India can also use the enormous soft power as a provider of education to Myanmar youth at this juncture that could constitute its political capital in a changing future as it has done in Afghanistan.
Regionally, strategic rivalry, competing interests and lack of trust may preclude a close bilateral working relationship with China on Myanmar but India could work with China in a larger Asian framework. Despite its limitations, ASEAN remains the key player though there is a discrepancy between the extent to which India is directly affected by the situation as an immediate neighbour, and its status in ASEAN as a dialogue partner. India could however step up consultations with Thailand and Bangladesh as two most affected immediate neighbours. Within ASEAN, Indonesia, Malaysia, Thailand, Singapore and Vietnam are natural interlocutors.
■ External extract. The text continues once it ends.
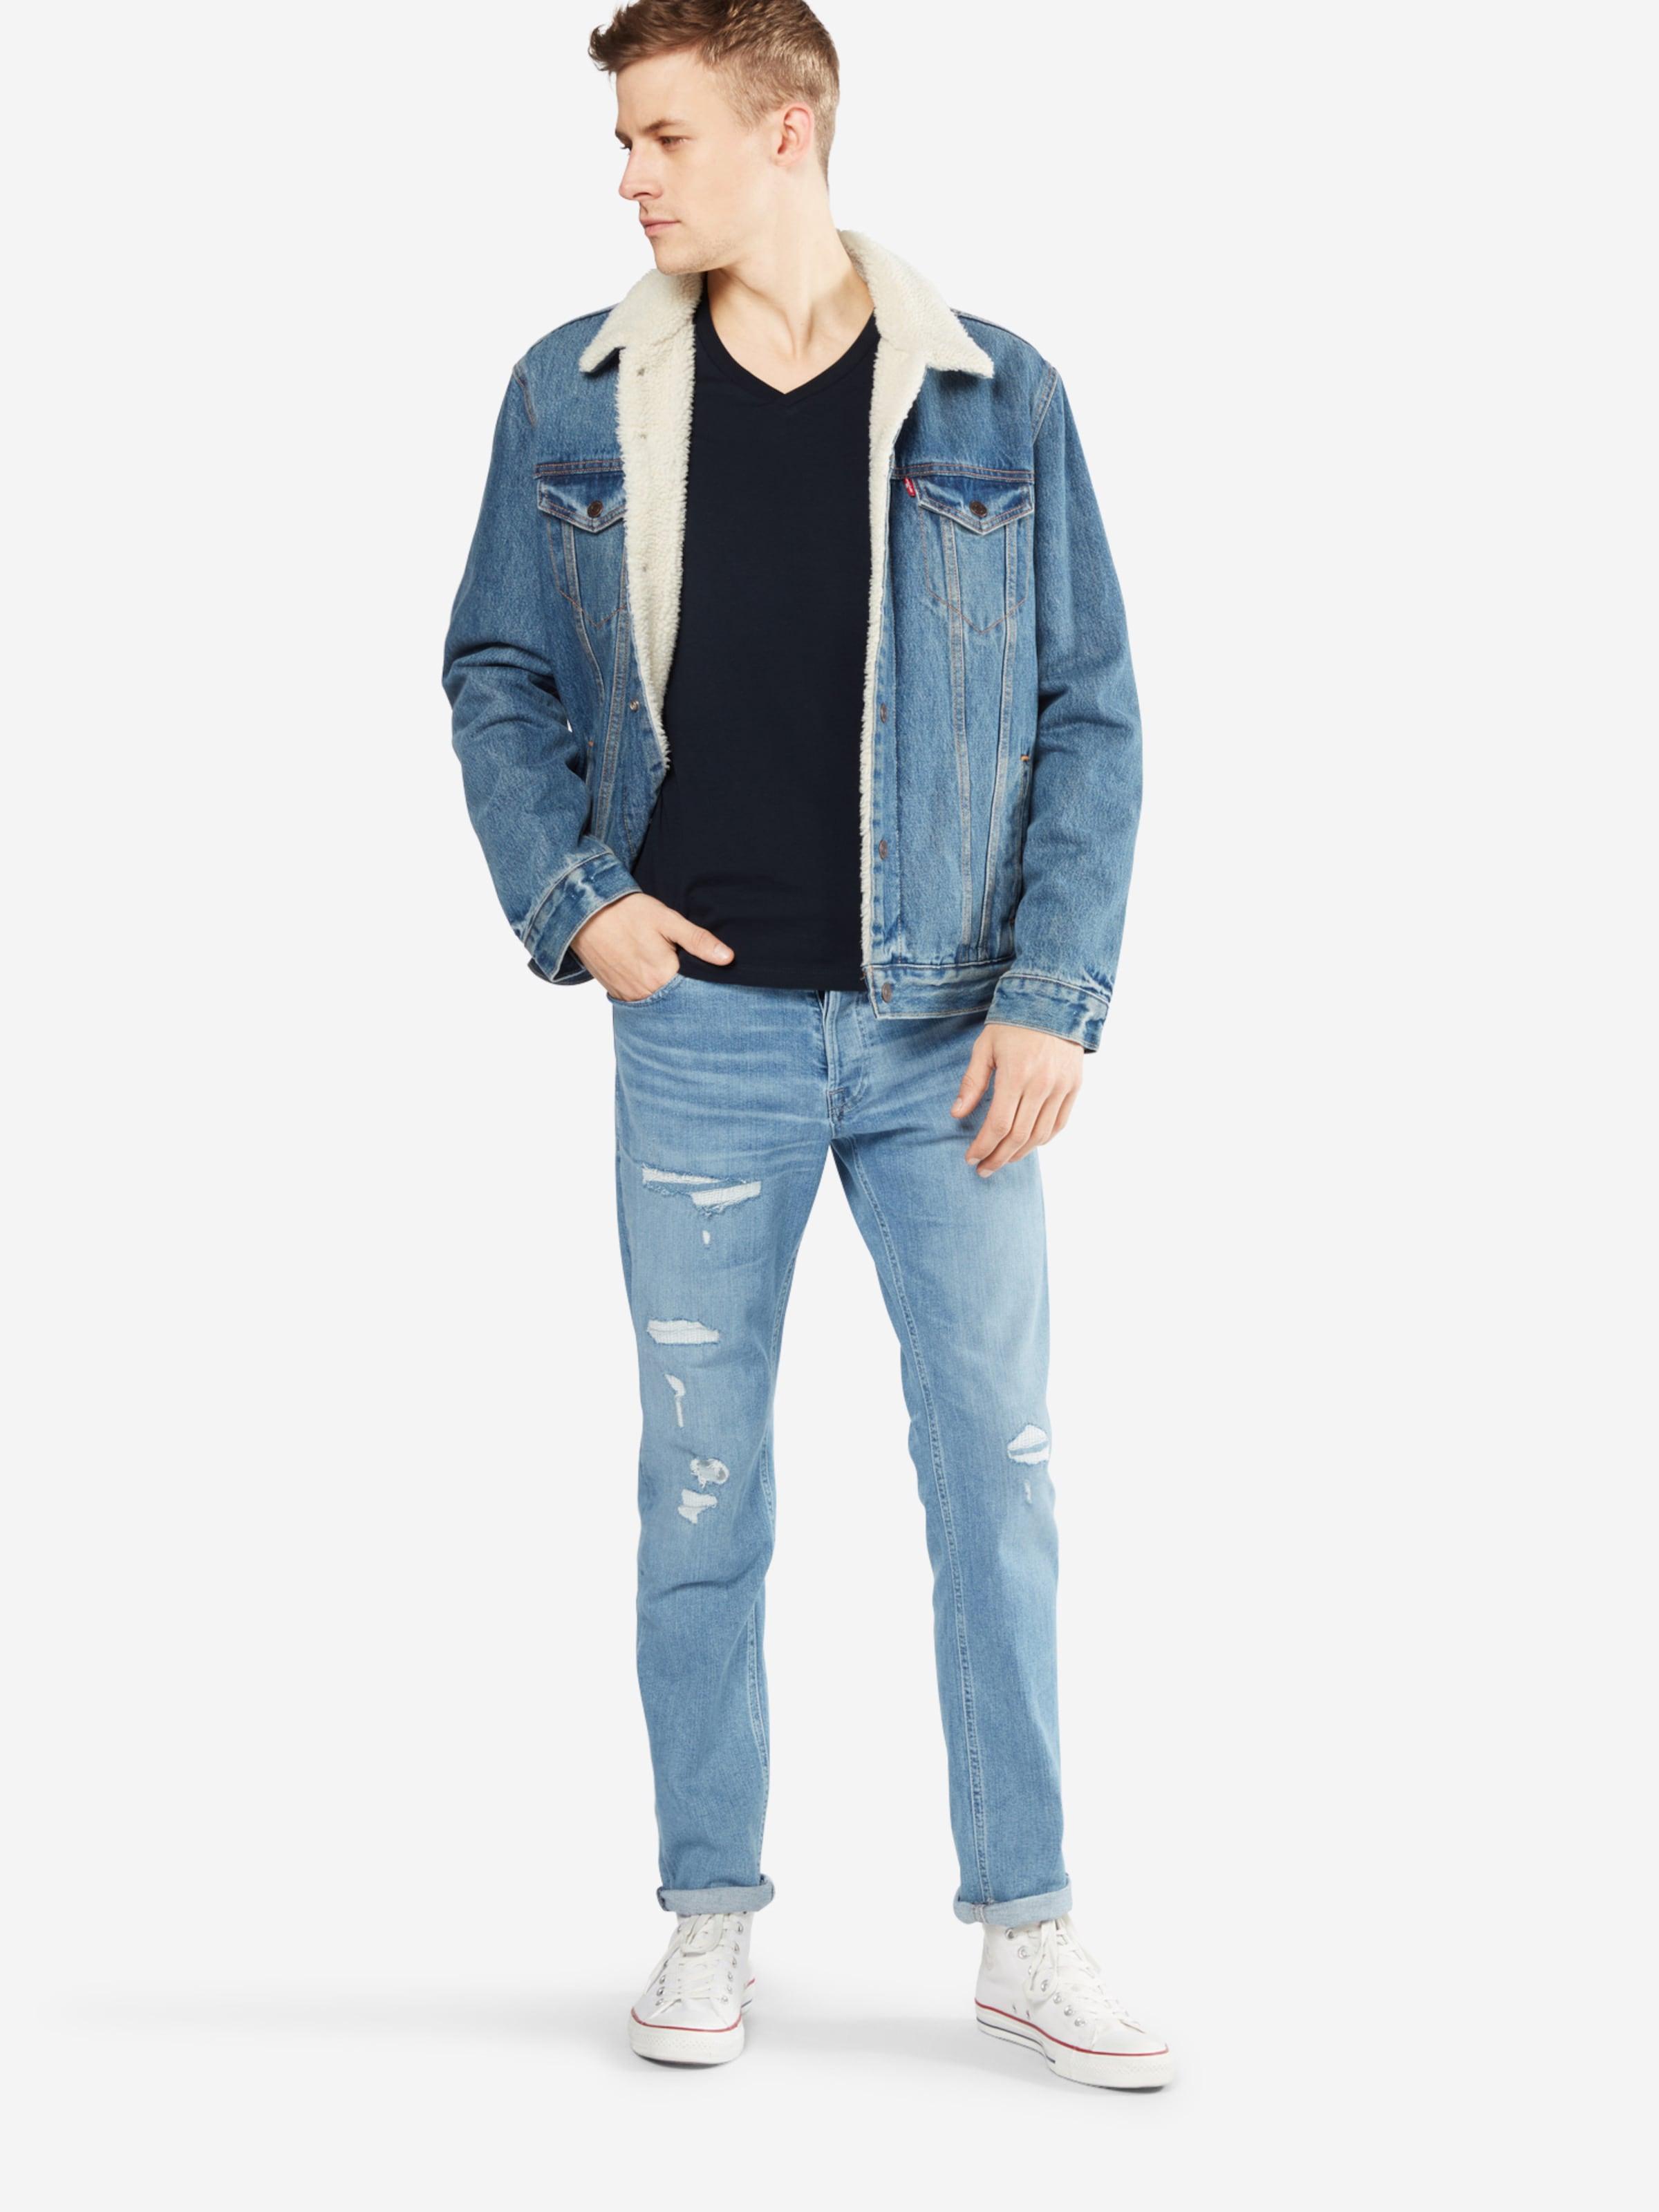 Steckdose Erkunden Preiswerte Qualität SELECTED HOMME T-Shirt V-Ausschnitt Online Günstig Online piQILqqCLY

In the wider region, Japan which has both historical and economic influence in Myanmar and we have a strategic relationship with, and Republic of Korea, a new economic player, can help shape outcomes. India could also work with the new UNSR, Noeleen Heyzer who has indicated that she would involve Myanmar’s neighbours and the wider region in a ‘Myanmar-led’ strategy reflecting ‘the will of the people’ with a ‘humanitarian plus’ approach leading towards an inclusive political solution and elections in the medium term, that has evoked the interest of the opposition but not the military regime that has traditionally been suspicious of the UN.
As a member of the Quad, India will also have to manage its relationship with Russia which has played its Indo-Pacific card with its open military support for the Tatmadaw. Whatever the approach, India would do well to steer clear of any approach that could fall into a new Cold War rivalry involving the US on the one side and China, Russia and the Tatmadaw on the other. That would be a recipe for a failure.
India has a vested interest in a united, strong, stable and prosperous Myanmar that can be a buffer and bridge between India and China, and a launching pad for India’s terrestrial outreach towards the Greater Mekong Sub-region of South East Asia and the Indo-Pacific that can enhance options for the region.
A security-first policy predicated on the Tatmadaw worked so long the Tatmadaw was in control of the country. That is no longer the case. The 2008 constitution has reached a dead end as has the Tatmadaw strategy of total war against its people.
India needs to enlarge and expand its options in Myanmar towards a more comprehensive relationship rooted in the support of the people, not the Tatmadaw alone. This requires a new approach that would wait or work for a reformed Tatmadaw under a new democratic-minded military leadership as an institution that can play its role in the unity and integrity of the country within a much more accommodating federal democratic union that the people of Myanmar are moving towards. India should help that process.
Gautam Mukhopadhaya is a former Indian ambassador to Myanmar.